The jury finds the defendant guilty of lightweight strategy, casual entertainment, unfulfilled promise and hit-&-miss humour. Dismissed!
Devil’s Attourney Review
by on December 28, 2012
Hotshot lawyer Max McMann is a fellow of firm principles. Self-interest, personal enrichment and turning up the sleeves on a pastel suit are just a few of them. So he’s naturally at home in this parody of a lurid Hollywood eighties, when lunch was for wimps and the ozone layer looked awfully like breakfast to an industrial smog of back-combed hairspray.
At heart this is a neat, inviting turn-based battle where you defend your client by selecting from your deck of legal dirty tricks to discredit the prosecution. For example, the Interrogate skill can deal 1-5 damage to a Witness’s Credibility – equivalent to their health or hit points – in an attempt to eliminate them. In the prosecutor’s turn, surviving Witnesses and Evidence return damage against your case. Of course, Max favours defendants with a certain ‘ker-ching’: rich clients who are prepared to undo a zipper and show society the true meaning of Reaganomic trickle-down. Wipe the opposition for a handsome fee and you can buy new courtroom techniques, while pimping out your condo in taste-free contemporary frippery.
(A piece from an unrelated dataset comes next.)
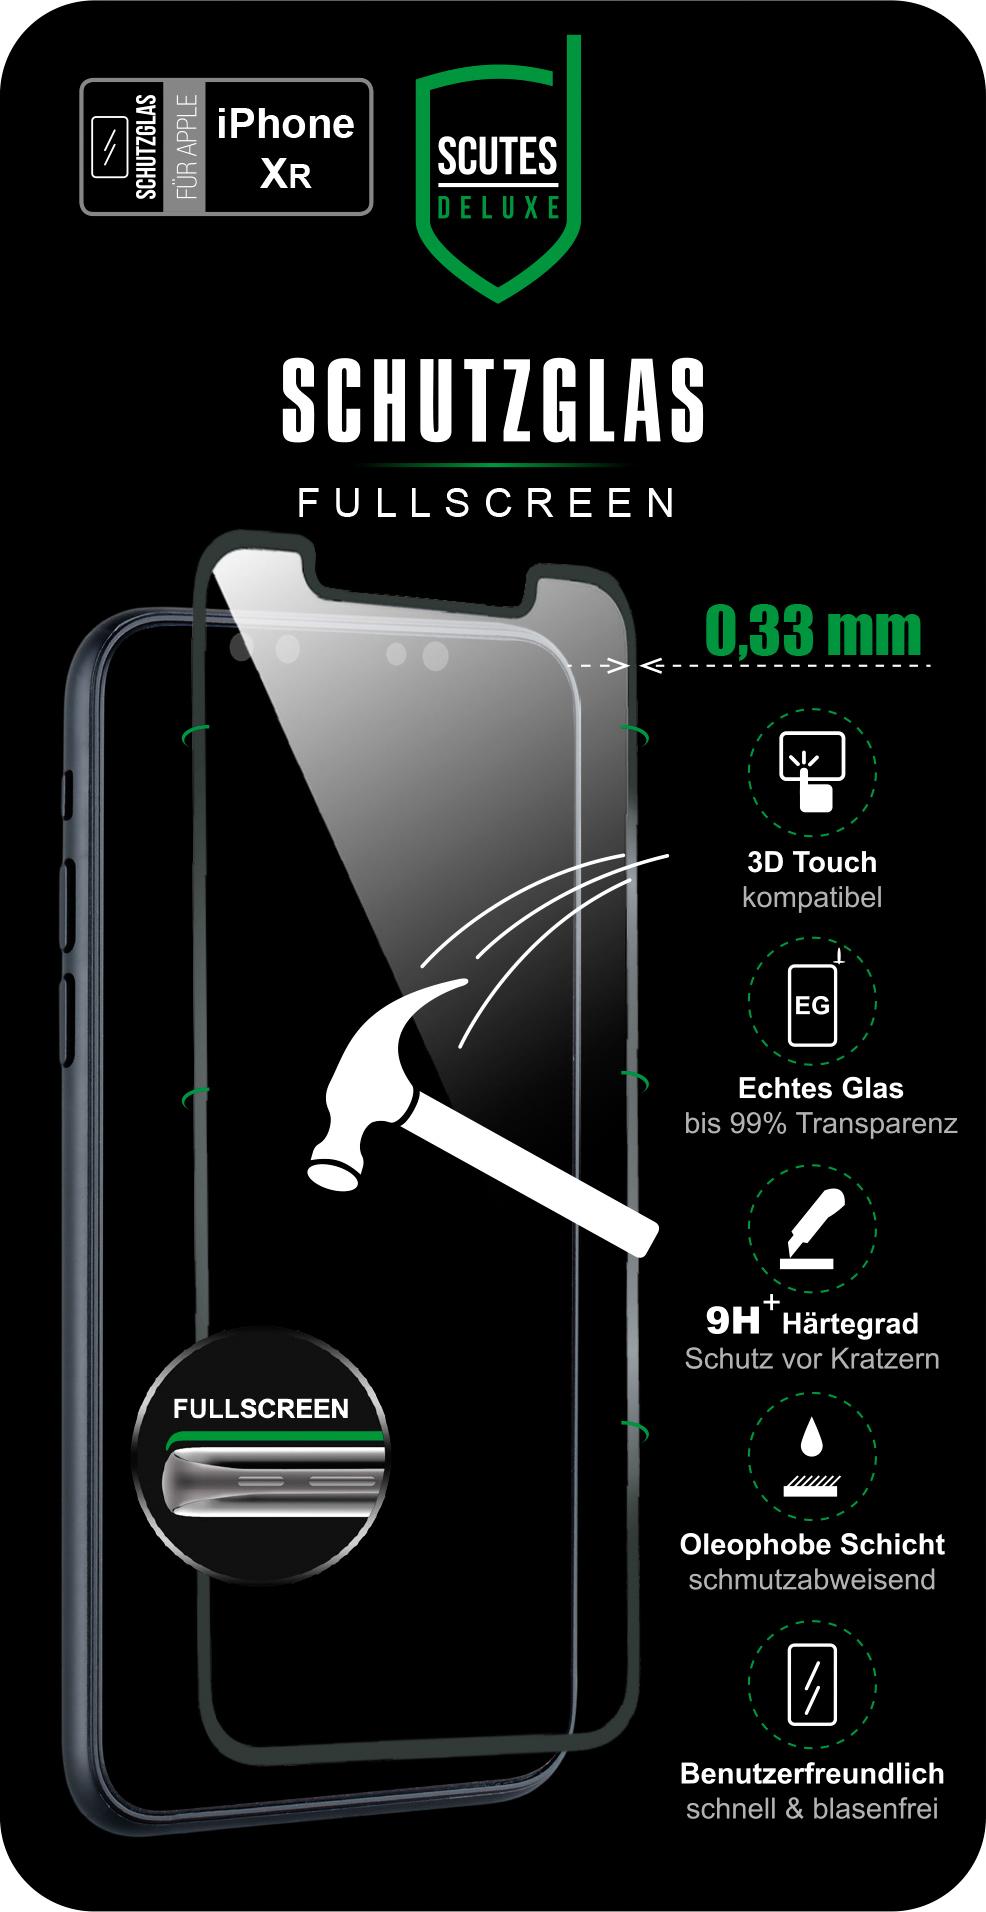 Fullscreen Schutzglas (iPhone XR)

We found the humour a little thin after the rocking theme song, but enjoyed the pop-cultural references and the voice work, with pre-court exchanges weaving a story of Max’s pursuit of the delectable Susan Maple.
It’s also a breeze to pick up and play, taking only a few rounds to reach a verdict. But the system just doesn’t deliver on strategic integrity, with luck holding too much sway. Replaying the same moves can turn up wildly different results. Balance is also an issue, some skills seeming overpowered while others never saw use. Our replay on Hard felt easier than our exploratory completion on Normal difficulty, as we knew exactly what to expect and never missed a bonus.
We’d recommend you overrule our objections and try Devil’s Attorney anyway: as stylish and shallow as its square-jawed antihero, it may be flawed (and climax too soon), but it’s still rather likeable.